Theresa May gets tough on educated migrants

The Home Secretary seems to have had just about enough of young, highly skilled graduates outstaying their welcome.

by Adam Gale
Last Updated: 07 Jan 2015

Outflanking UKIP on immigration must be tough for a politician, but Theresa May appears to be giving it a decent shot. A source ‘close to the Home Secretary’ told the Sunday Times that May wants to make it more difficult for foreign citizens graduating from UK universities to get work visas, as she seeks to bring net migration down to the now-unrealistic looking Government pledge of 'tens of thousands'.

Currently, graduates have a grace period during which they can stay here to look for jobs and apply for a work visa after their courses finish. If May gets her way, they would need to return to their home country before re-applying for a visa.

The Conservatives have been making more and more noises about immigration (mostly hoarse grumbles) as they see their voters (and MPs…) migrate to UKIP before next year’s election. If this proposal does in fact become part of the Tory manifesto, it might help lure some of those voters back, but one has to wonder if the Treasury is likely to be pleased.

Graduates on average earn significantly more than non-graduates. Twentysomethings have the highest proportion of years in work against years out of work than any age group. Young graduates are therefore among the most economically valuable demographics around.

Reducing the numbers of young foreign graduates could have a serious effect on the British economy and British business.
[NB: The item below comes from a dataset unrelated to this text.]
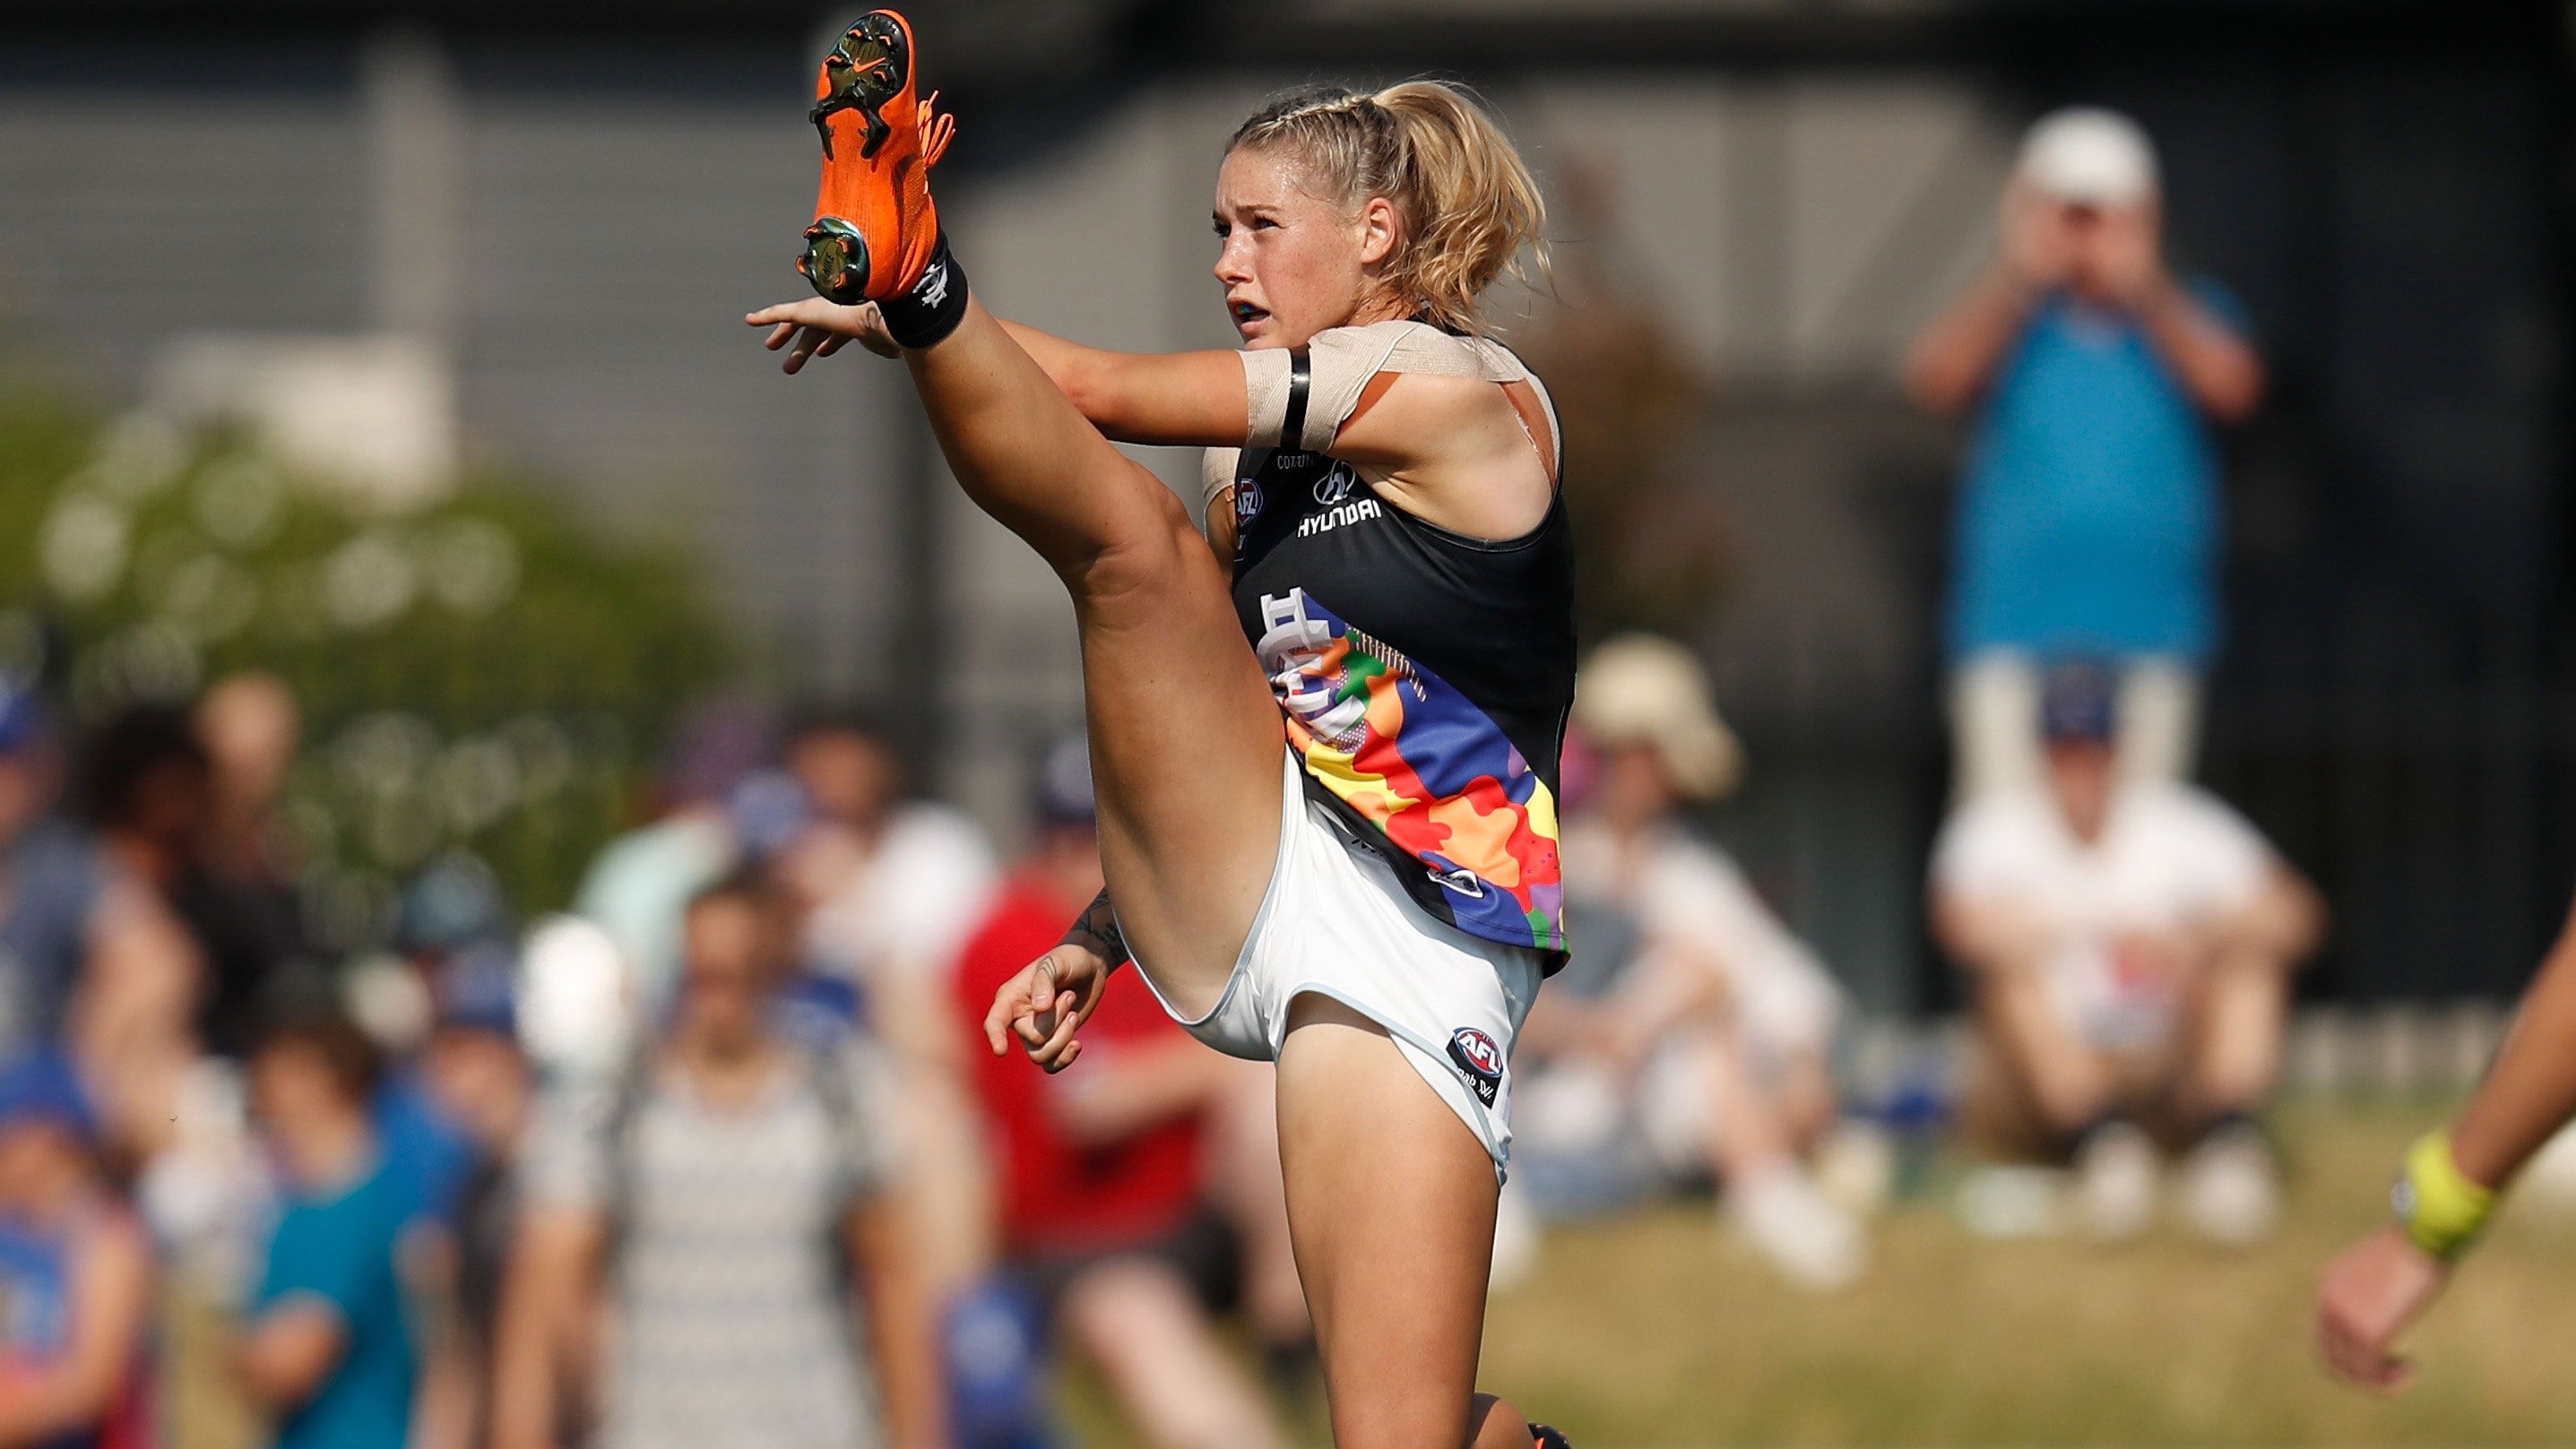 The photo that made Tayla Harris a household name.

According to the UK Council for International Student Affairs, there were 425,000 non-UK students at British Universities in 2012-3, of whom 300,000 were from outside the EU. Of these, approximately 70,000 stay after their course finishes, according to the ONS.

While May’s idea is technically just to make sure the graduates go home before getting their visa, it would surely make staying and indeed studying here in the first place less attractive, because it puts up yet another barrier.

Earlier this summer, inventor-billionaire James Dyson spoke out against Britain’s immigration policies, which ‘suck’, and their effect on business. Nearly half of science and engineering undergraduates were from outside the EU, he said, and if we don’t make them welcome ‘they go home and then they become competitors to us’.

Educated high achievers aren’t the only ones who could face a clamp down, of course. How long will it be, for instance, before there’s a call to get tough on all those fleeing Russian billionaires, coming over here, taking all our jobs and our women, buying our football teams and generally spending money in our shops like they own the place?